Çıkış saatime kadar , saatlerce düşündüm olayı. Kendi kendine o kadar kısa sürede yapması imkansızdı o olayı. Hadi yaptı diyelim , hangi sebepten ötürü yapıcaktı ki ? Günlerdir konuşuyorduk , tanımıştım az çok Kaan'ı. Güler yüzlü , konuşkan , sempatik bir çocuktu. Hiç bir sorun görememiştim onda. Belki de anlattığı olay tekrar gözünün önüne gelmişti. Yaşadığı olayı da bilmiyordum. Kafamın içinde bin bir türlü soru işareti vardı ve ben hiçbirini çözemiyordum. ilk defa bu kadar arada kaldım.
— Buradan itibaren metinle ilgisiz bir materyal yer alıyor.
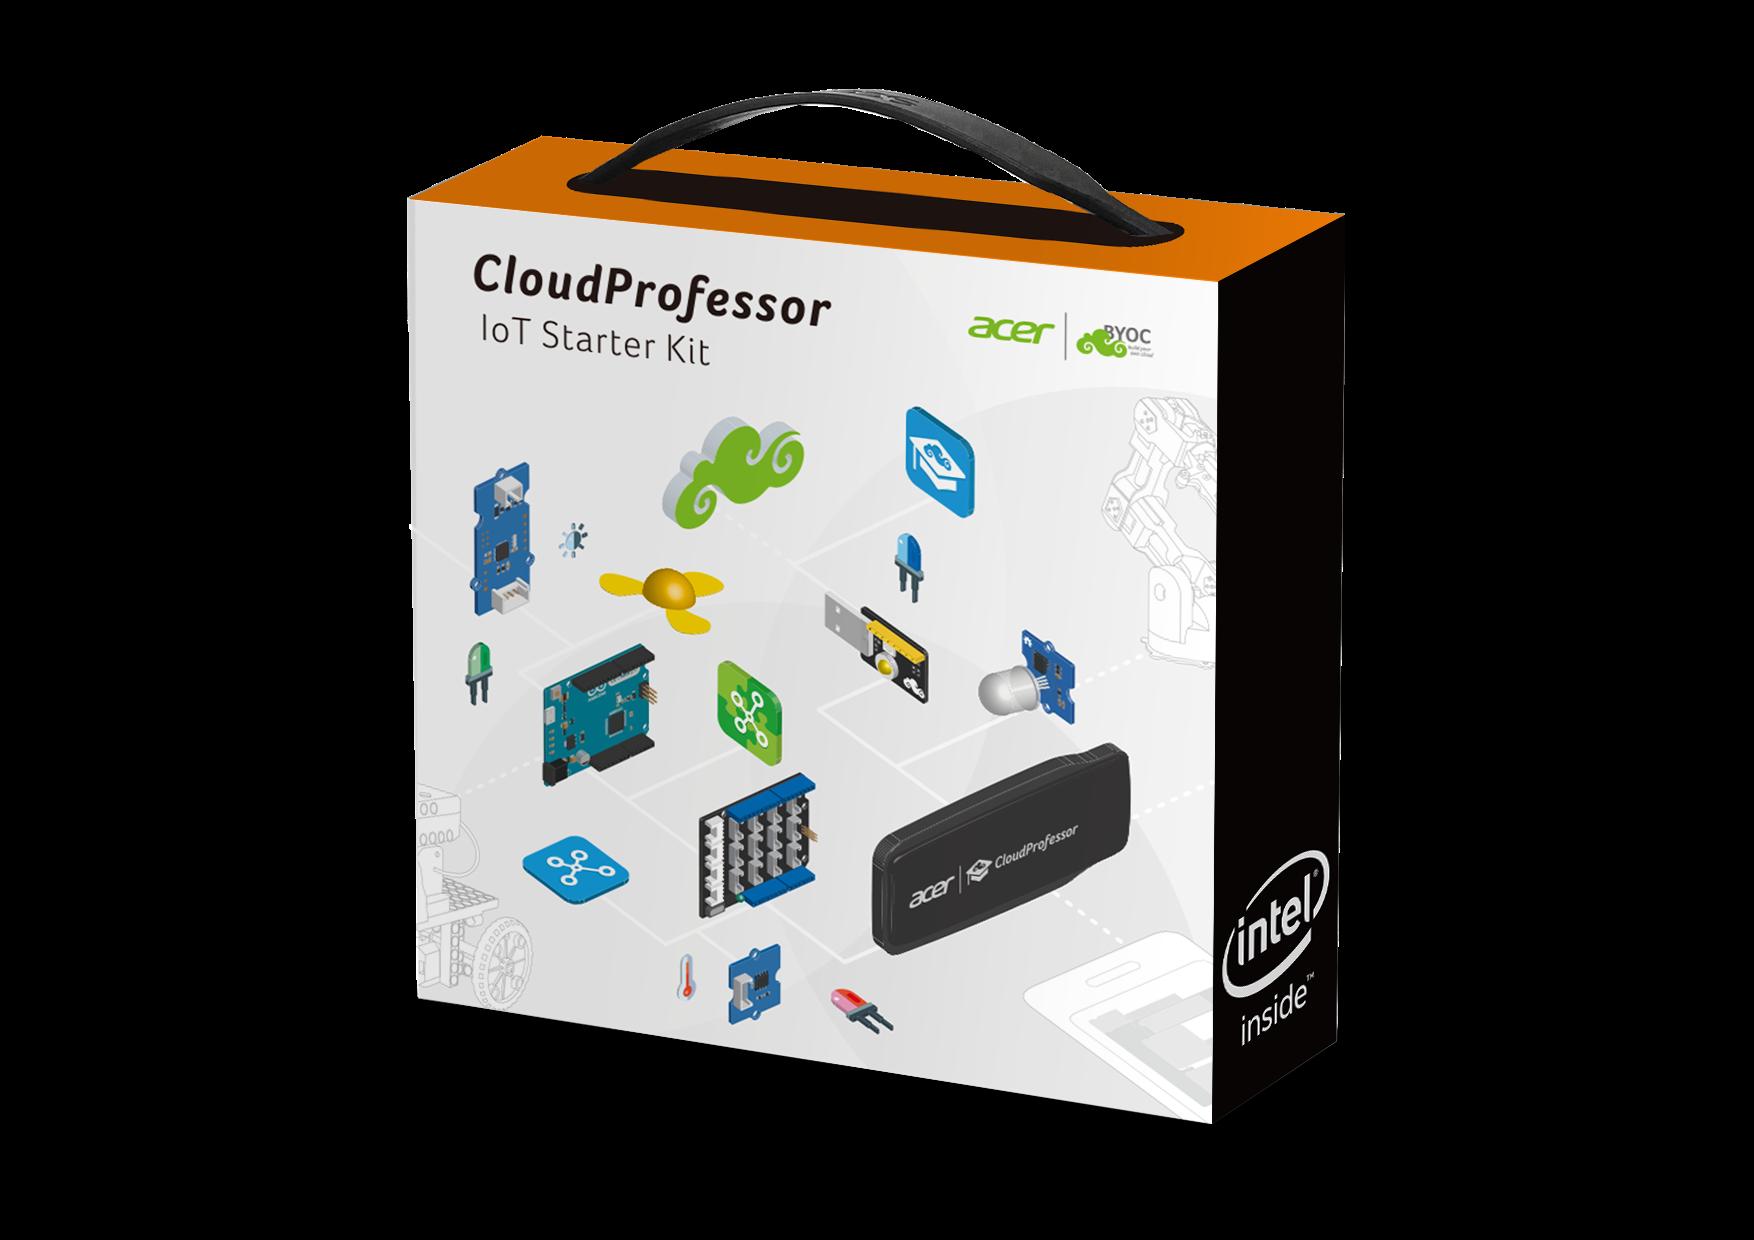 CloudProfessor 1
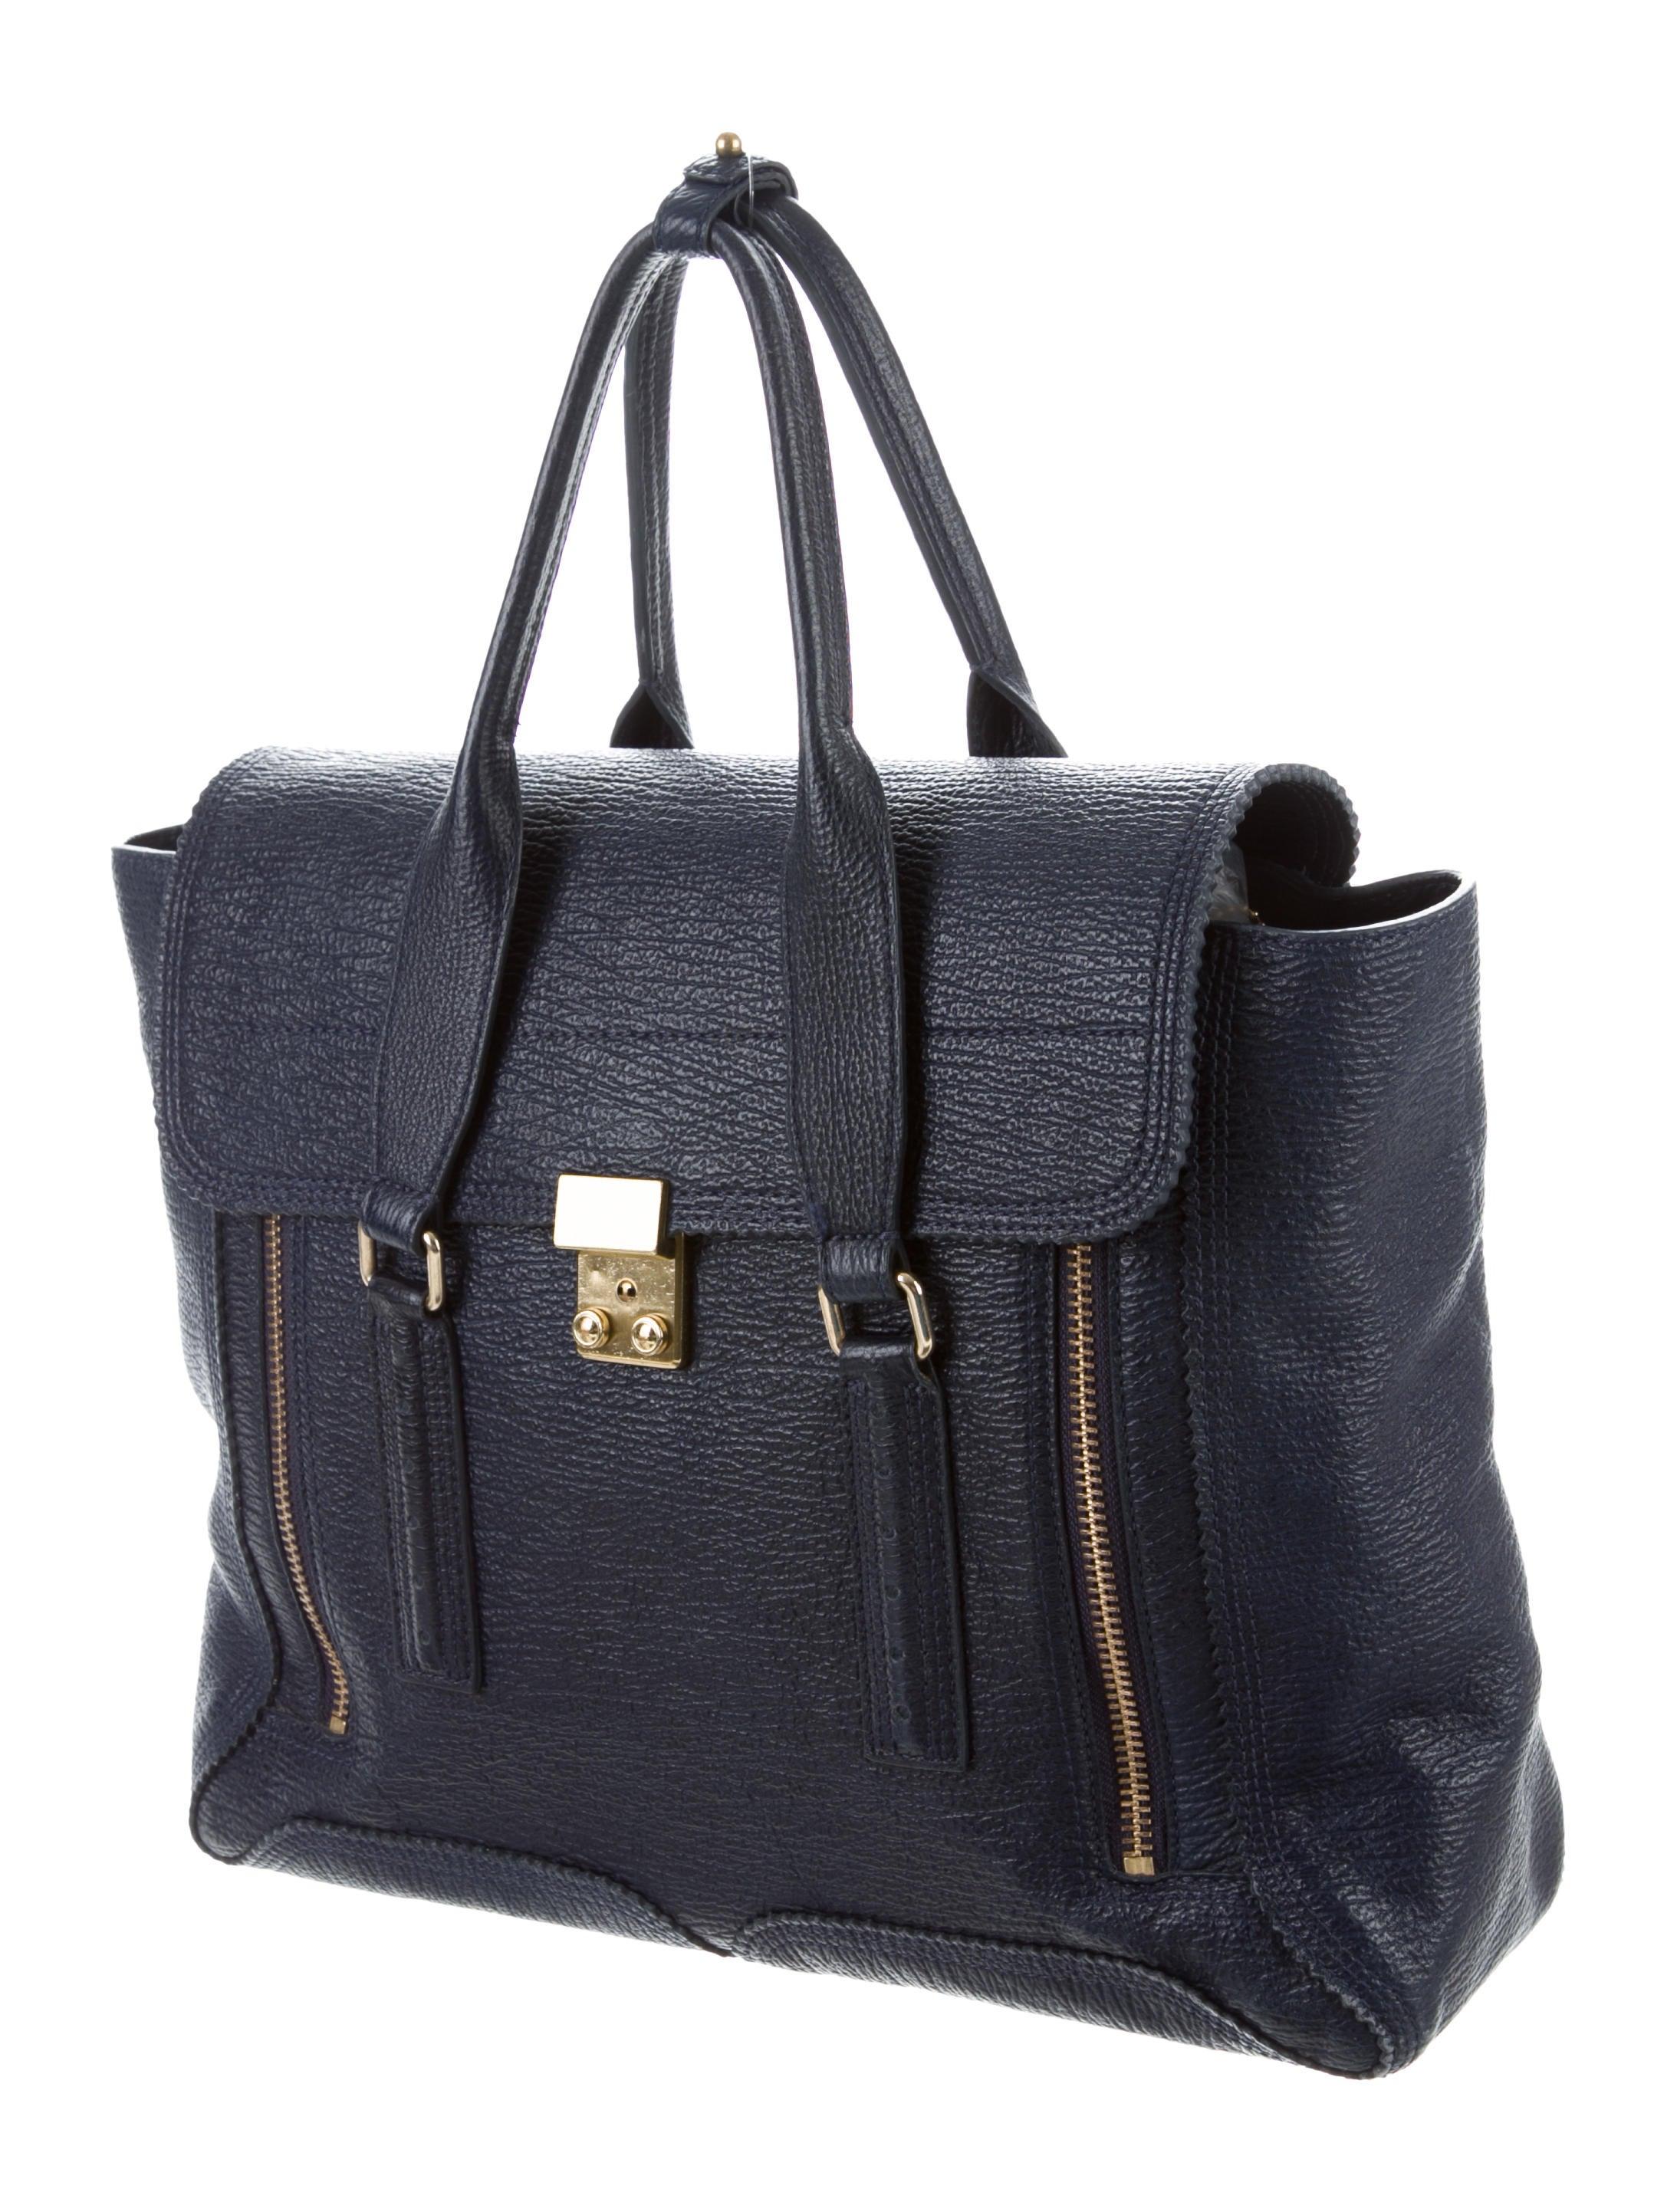 Leather Pashli Bag

Gerçi daha önce hiç Kaan gibi bir hastam olmamıştı. Belki de bu yüzden bilmiyordum çözümünü. Daha yüksek yerlere mi başvurmalıydım ? Belki Hocam Sadık Bey'e danışabilirdim olayı.
    

Bir kaç gün daha kendim ilgilenmeyi tercih ettim. Hava iyice kararmıştı , Kaan ile yarın tekrardan görüşecektik. Paltomu ve çantamı alarak kapıdan çıktım ve Seher'e " Kaan'a bir tane uyku ilacı verin. Rahat uyusun. " dedim ve evimin yoluna koyuldum.
     O gece bir kabus gördüm.

• ** otobanında *** ormanının içindeydim. Buraya nasıl veya nereden geldiğimi bilmiyordum. Kendimi bi anda orada buldum. Bulunduğum yerde topraktan çizilmiş bir daire vardı ve tam ortasındaydım.2 veya 3 metre çapındaydı. Yaklaşık on veya on beş metre ileride ise ağaçlar. Etrafım ağaçlarla çevriliydi ve ağaçların arkası hiç gözükmüyordu." Baba. " diye bir ses duydum arkamdan. ip ince ve çok güzel bir sesti. Bu kızımın sesiydi. Yıllardır , 11 senedir ilk defa duyuyordum bu sesi. Bir hışım ile arkamı döndüm. Ağaçtan başka birşey yoktu. Tekrar arkamdan bir ses daha duydum bu sefer " Uzak dur! " diyordu." Nerdesin kızım ? " dedim ağlamaklı bir ses tonu ile. Etraftan köpek hırlamaları duymaya başladım. Ağaçların arasından , tüyleri , dişleri simsiyah , gözleri masmavi onlarca köpek. Ağır adımlar ile üstüme doğru geliyorlardı. Bir ses daha geldi , tekrar " Uzak dur! " diyordu. Korkmuştum , " Neyden uzak durayım ? " diye bağırdım ağlayarak. Tüylerim diken diken olmuştu. Hayatımda duyup duyabileceğim en kalın ve korkunç bir ses sanki beynimin içinde bana " O şerliden uzak dur! " diyordu. Tam kafamın içimdeydi. içimde , her tarafımda hissedebiliyordum o sesi. Kanımda dolaştığını hissedebiliyordum. Kafam patlarcasına acıyordu. Dizlerim tutmuyordu , yere çöktüm. Ellerimi kafamın arasına alarak çığlık atıyordum. Kafam aşağı eğikti ve " yeter " diye bağırıyordum. Yere uzanmıştım , yan bir şekilde yarı baygın yatıyordum ve ses kesilmişti. Yavaşça dizlerimin üstünde doğrulmaya çalıştım ve iki bacağımın arasında , toprağın üzerinde kan ile " Vecede " yazıyordu." Bu , bu yazı... " dedim kendi kendime ve " Baba " diye bir ses duydum. Kafamı kaldırdım.Bu kızımdı, Merveydi. Bembeyaz bir elbise giymişti. Sapsarı saçları , masmavi gözleri vardı. Elini uzatıyordu , tam elimi uzatıcağım anda köpeğin kızımı saçından tutarak yerde sürükleyip paramparça edişini izledim. Diğer köpekler üstüme doğru koşmaya başladığında çığlık atarak uyandım.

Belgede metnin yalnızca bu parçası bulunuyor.